COLLECTED DATA:

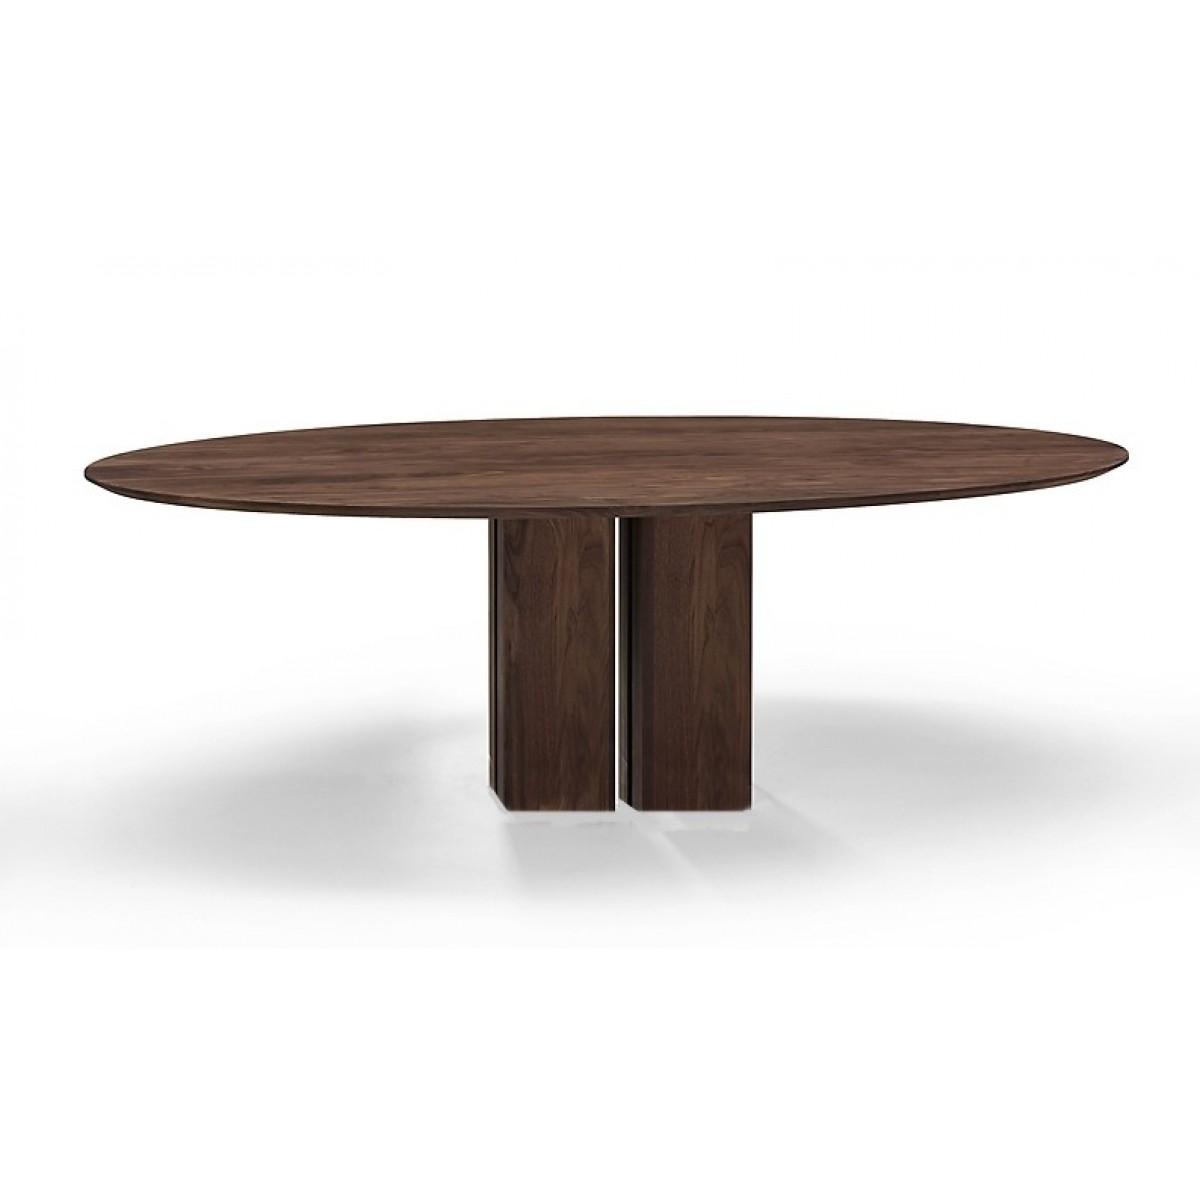 ovaal-ovale-tafel-eettafel-eetkamertafel-eiken-kolompoot-verjond-blad
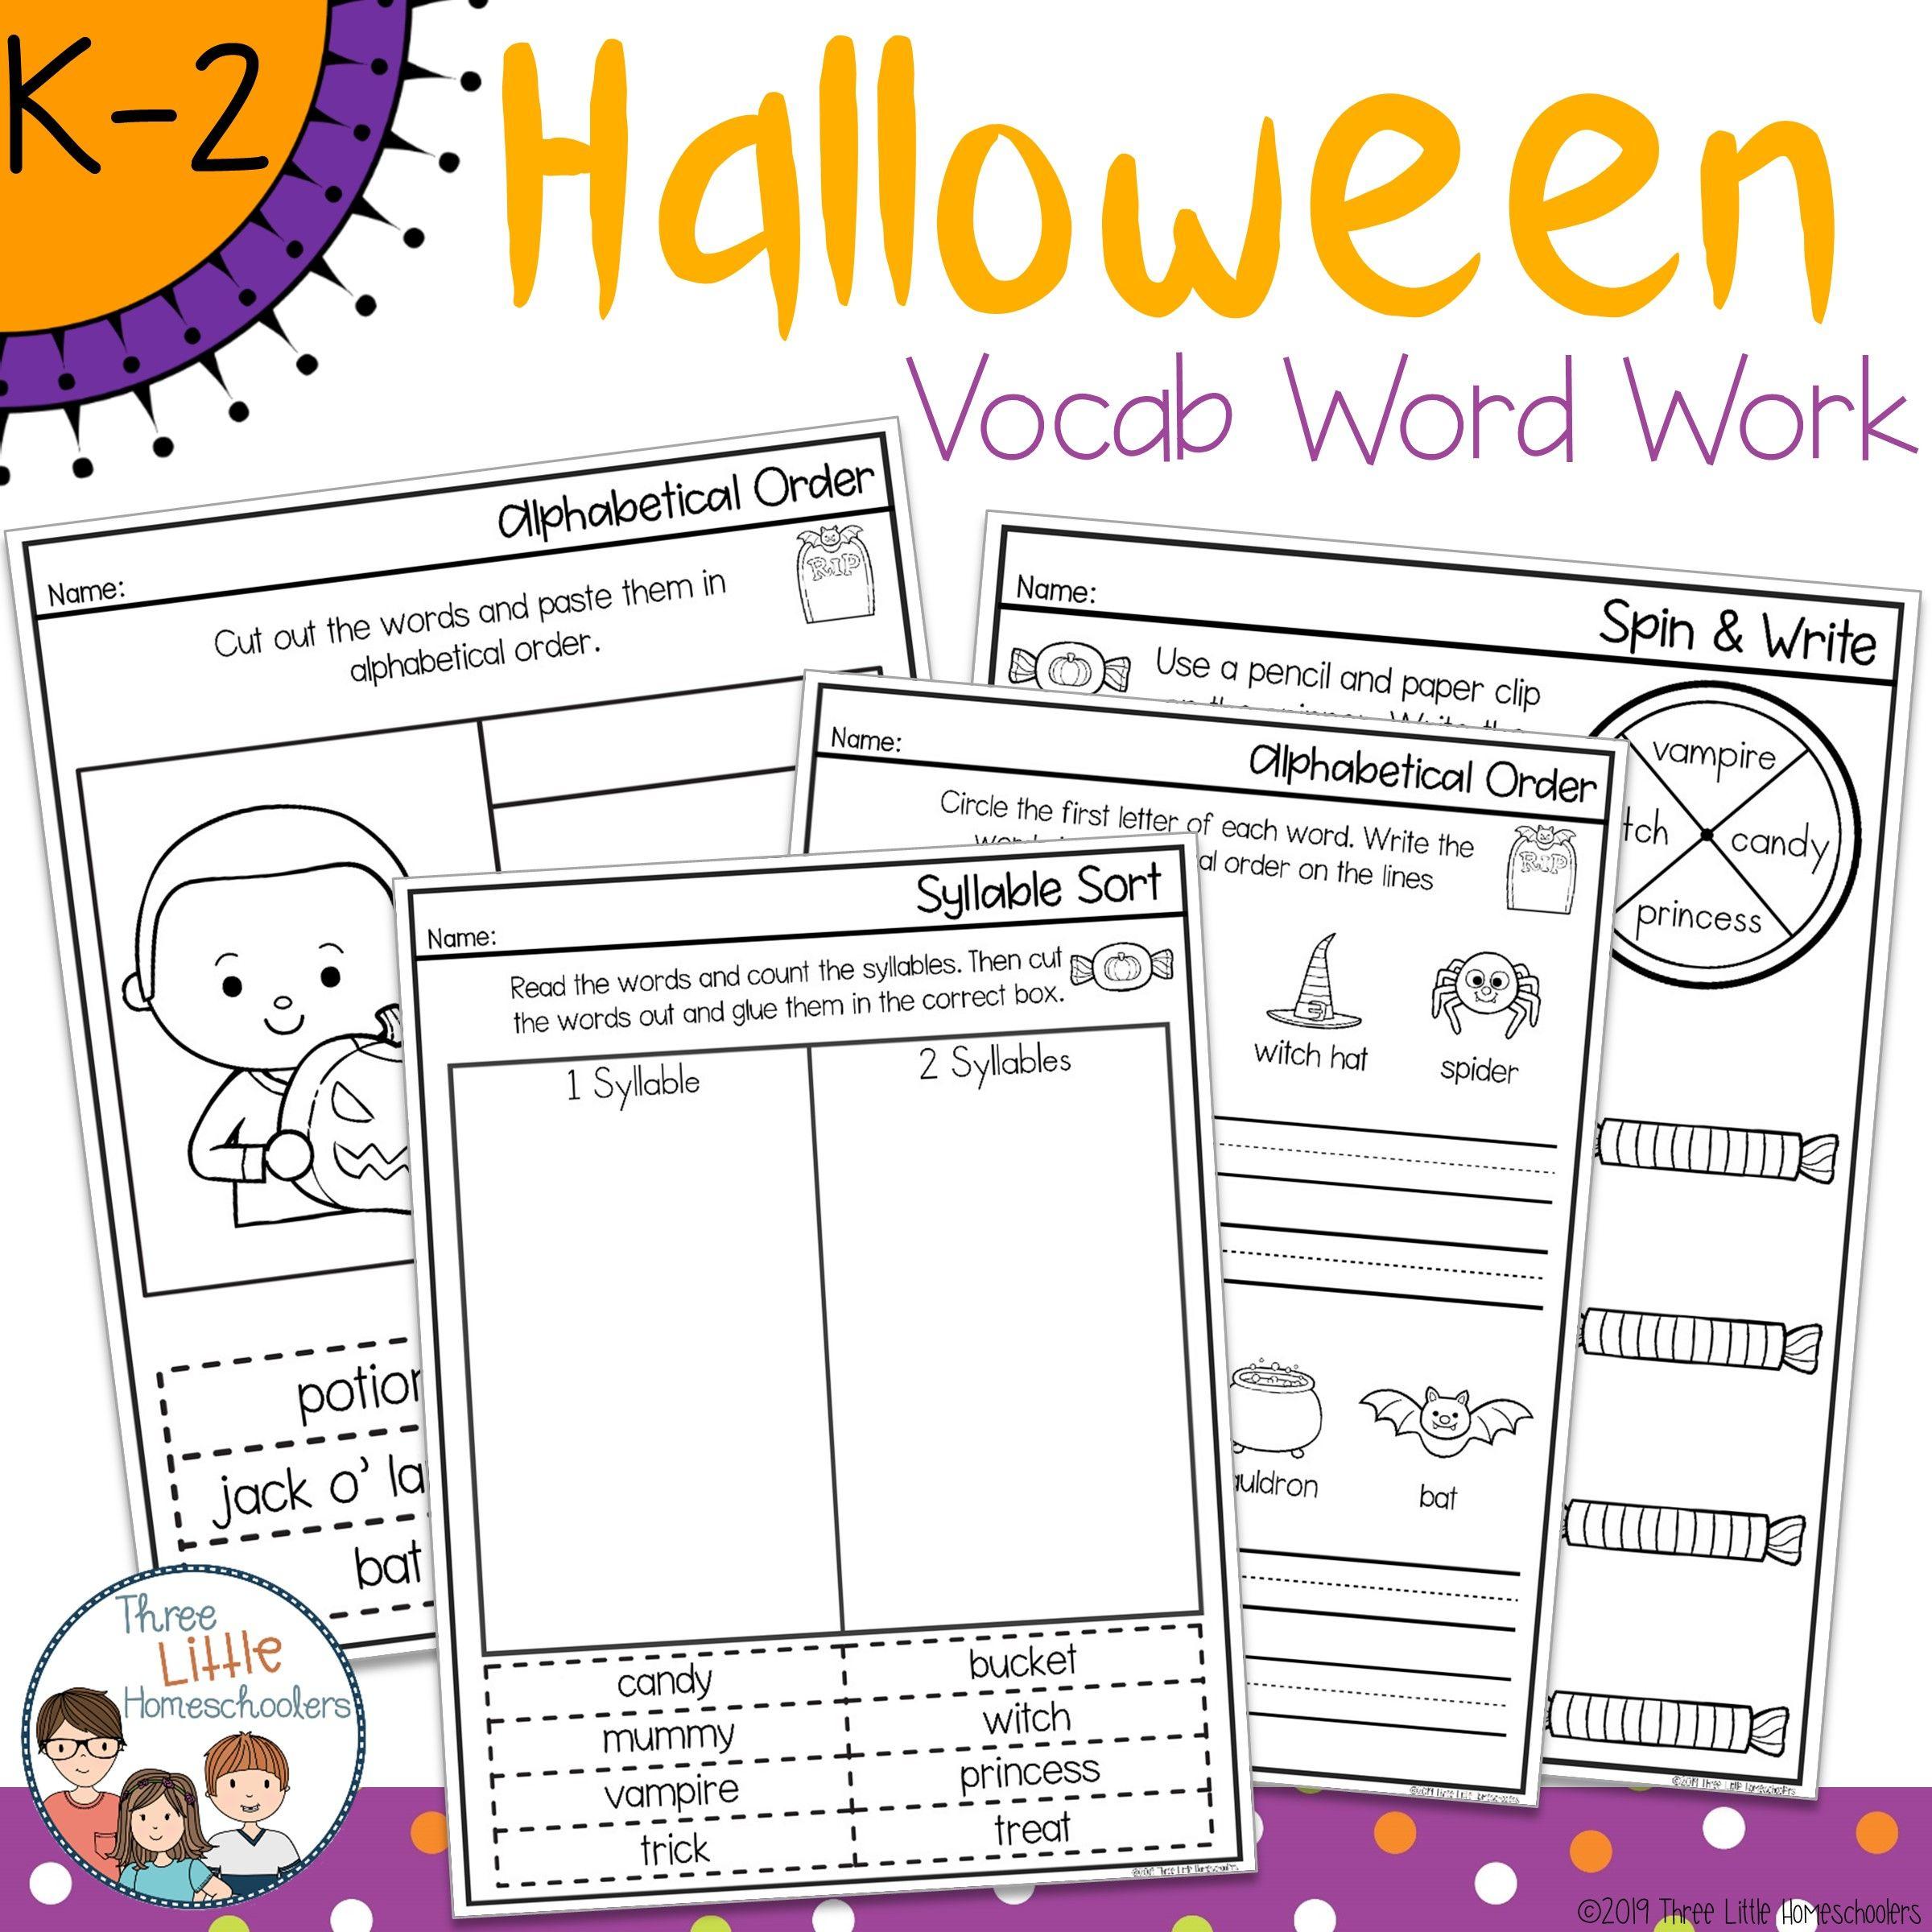 Halloween Themed Vocabulary Word Work - No Prep | Spelling
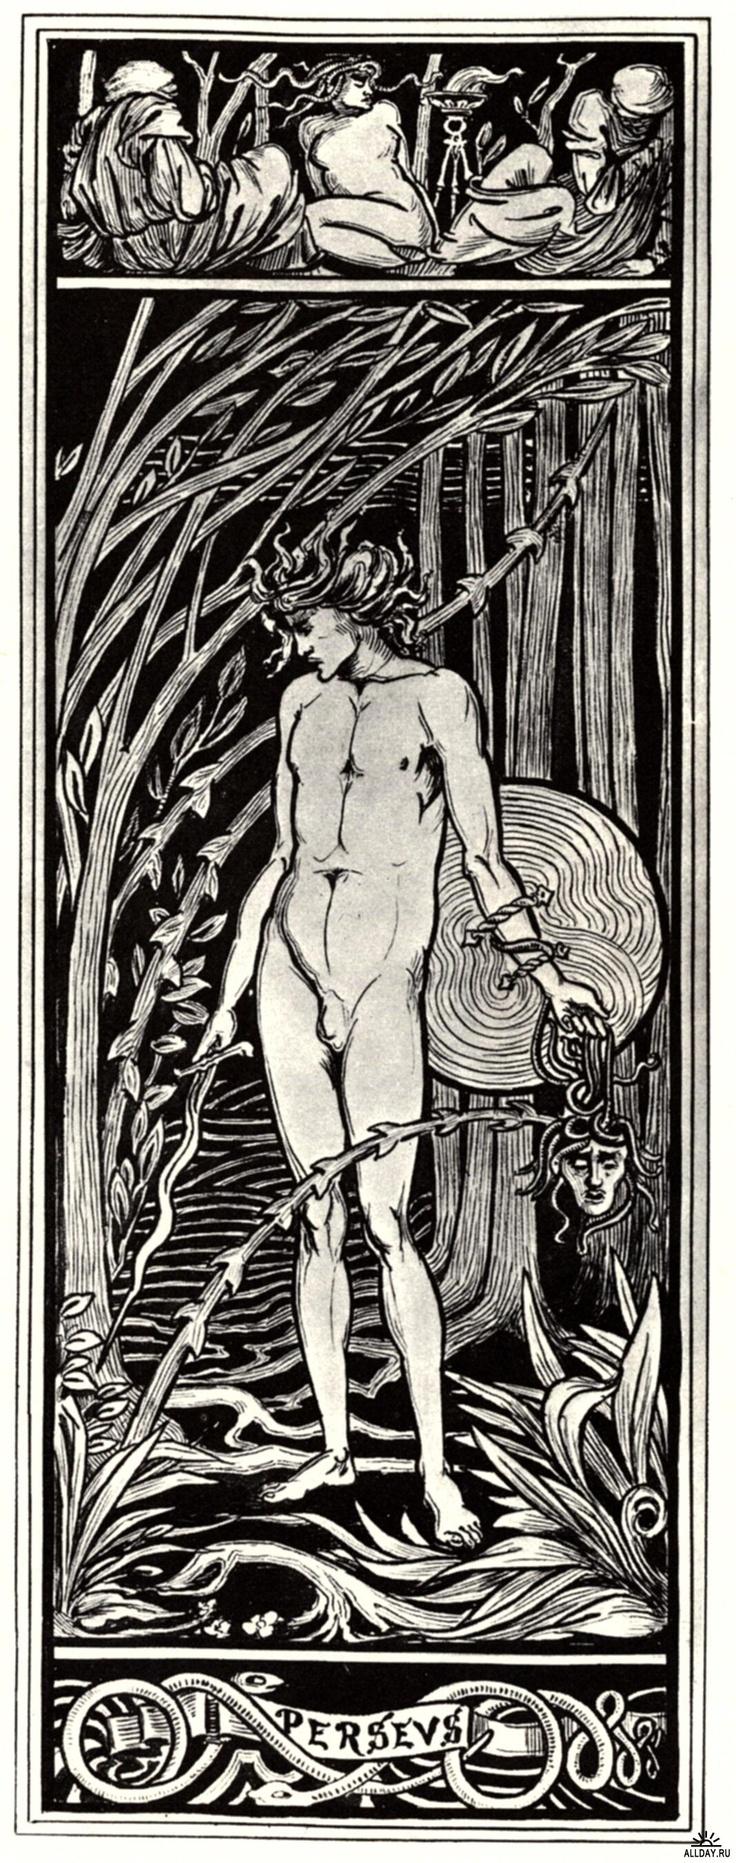 Sex and Sensibility: The Allure of Art Nouveau.  British artist  Aubrey Beardsley
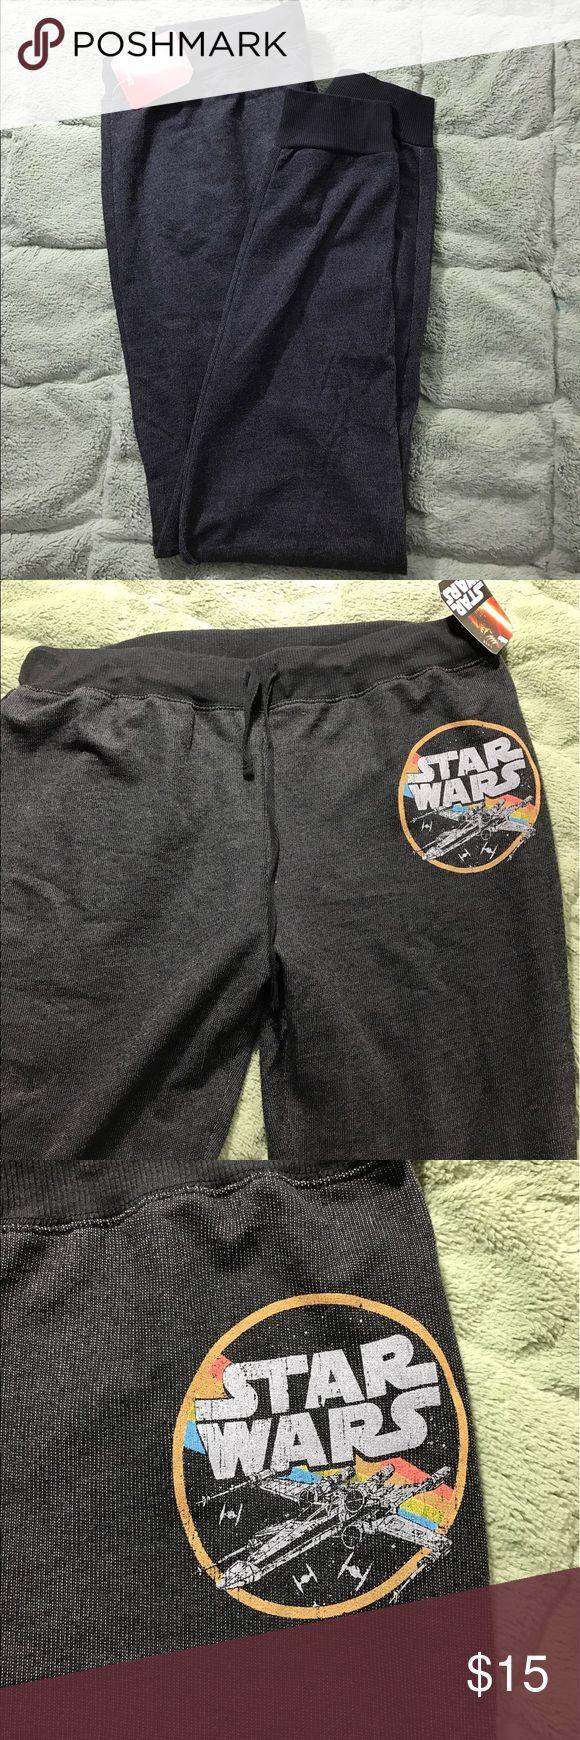 "Disney's Star Wars Women's XL Drawstring Pants Disney's Star Wars Women's XL Drawstring Print Sweatpants - see pictures for details  Waist - 32"" Inseam - 31""  Inventory - E149 Star Wars Intimates & Sleepwear Pajamas"

EXERCISE DESCRIPTION: Type the listing out again word for word, passing over each picture.

OUTPUT:
 ovaal-ovale-tafel-eettafel-eetkamertafel-eiken-kolompoot-verjond-blad
 Halloween Themed Vocabulary Word Work - No Prep | Spelling
 Sex and Sensibility: The Allure of Art Nouveau.  British artist  Aubrey Beardsley
 "Disney's Star Wars Women's XL Drawstring Pants Disney's Star Wars Women's XL Drawstring Print Sweatpants - see pictures for details  Waist - 32"" Inseam - 31""  Inventory - E149 Star Wars Intimates & Sleepwear Pajamas"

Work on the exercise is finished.